Проекты*

Получение бактерий, синтезирующих белок лёгкой цепи нейрофиламентов человека (NFL)

Работа призёра открытой городской научно-практической конференции «Старт в медицину» в секции «Биотехнология и биоинженерия»

Направление работы: Биоинженерия
Авторы работы: ГБОУ Школа № 1517
Предметы: Биология
Классы: 10 класс
Мероприятия: Открытая городская научно-практическая конференция «Старт в медицину» 2020 года

Актуальность

Цитоскелет клетки – клеточный каркас, осуществляющий опору клетки и транспорт веществ внутри неё. Цитоскелет нейронов – клеток нервной системы – состоит из нейрофиламентов, микротрубочек и актина.

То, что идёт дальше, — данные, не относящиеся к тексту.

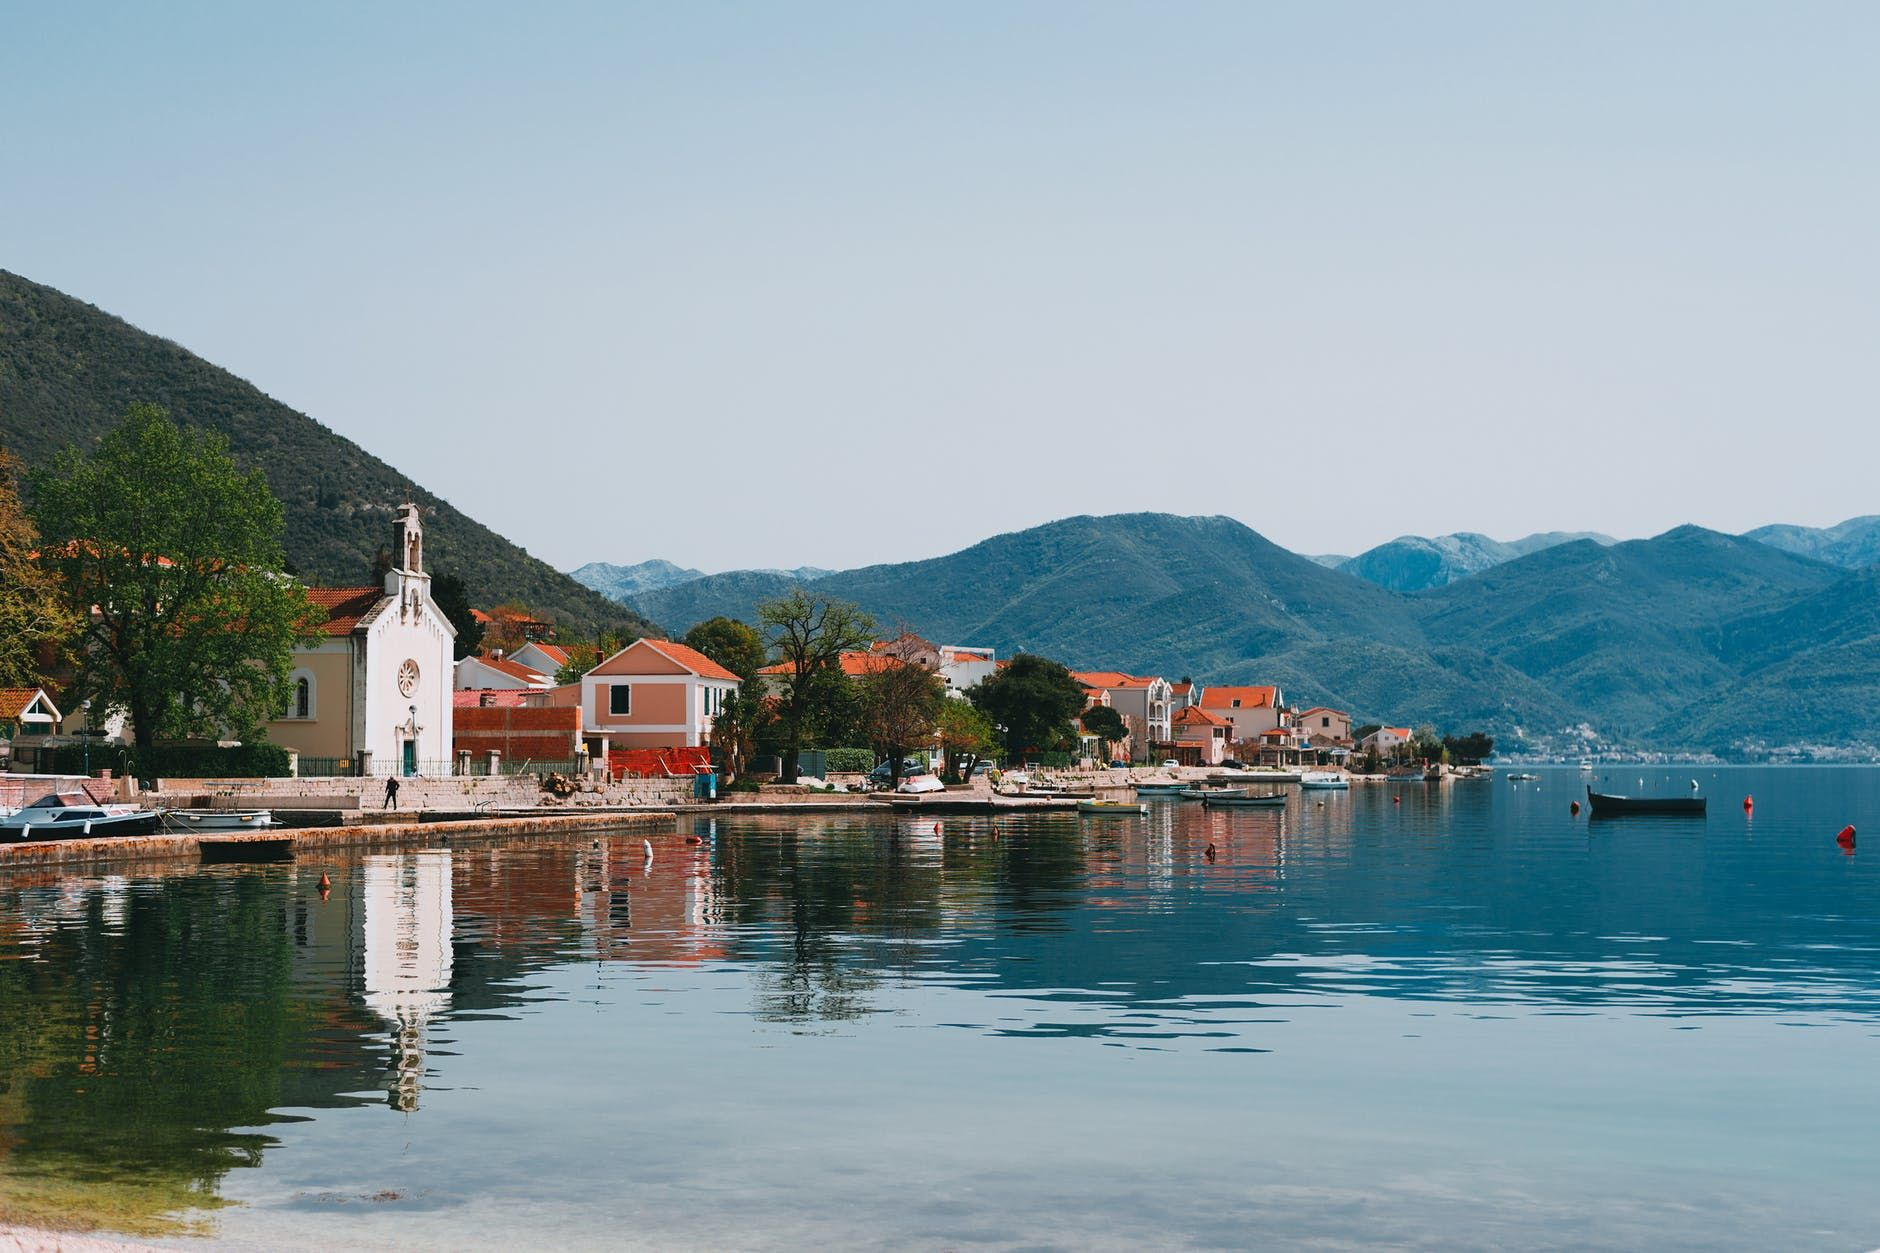 coastal village on peaceful hilly lake shore

Белок лёгкой цепи нейрофиламентов человека является маркером многих неврологических заболеваний, таких как болезнь Альцгеймера, болезнь Паркинсона и нейропатия периферической нервной системы. По анализу крови можно понять, когда концентрация этого белка завышена. Этот показатель служит для диагностики болезни.

Для изучения свойств белка in vitro необходимо получить этот белок в очищенном виде. Белок лёгкой цепи нейрофиламентов экспрессируется (синтезируется) в большом количестве в спинном мозге, что осложняет процедуру его получения из тканей. Используя биотехнологические методы, рекомбинантный белок получают в бактериях Escherichia coli (кишечная палочка).

Цель

Получить белок лёгкой цепи нейрофиламентов (NFL) in vitro.

Задачи

1. Изучить литературу по теме исследования.

2. Получить генетически модифицированные бактерии E. coli С41, содержащие ген белка NFL.

3. Получить белок, синтезируя его в клетках бактерий.

4. Доказать наличие белка с помощью электрофореза, используя контрольный образец с белками известной молекулярной массы.                                            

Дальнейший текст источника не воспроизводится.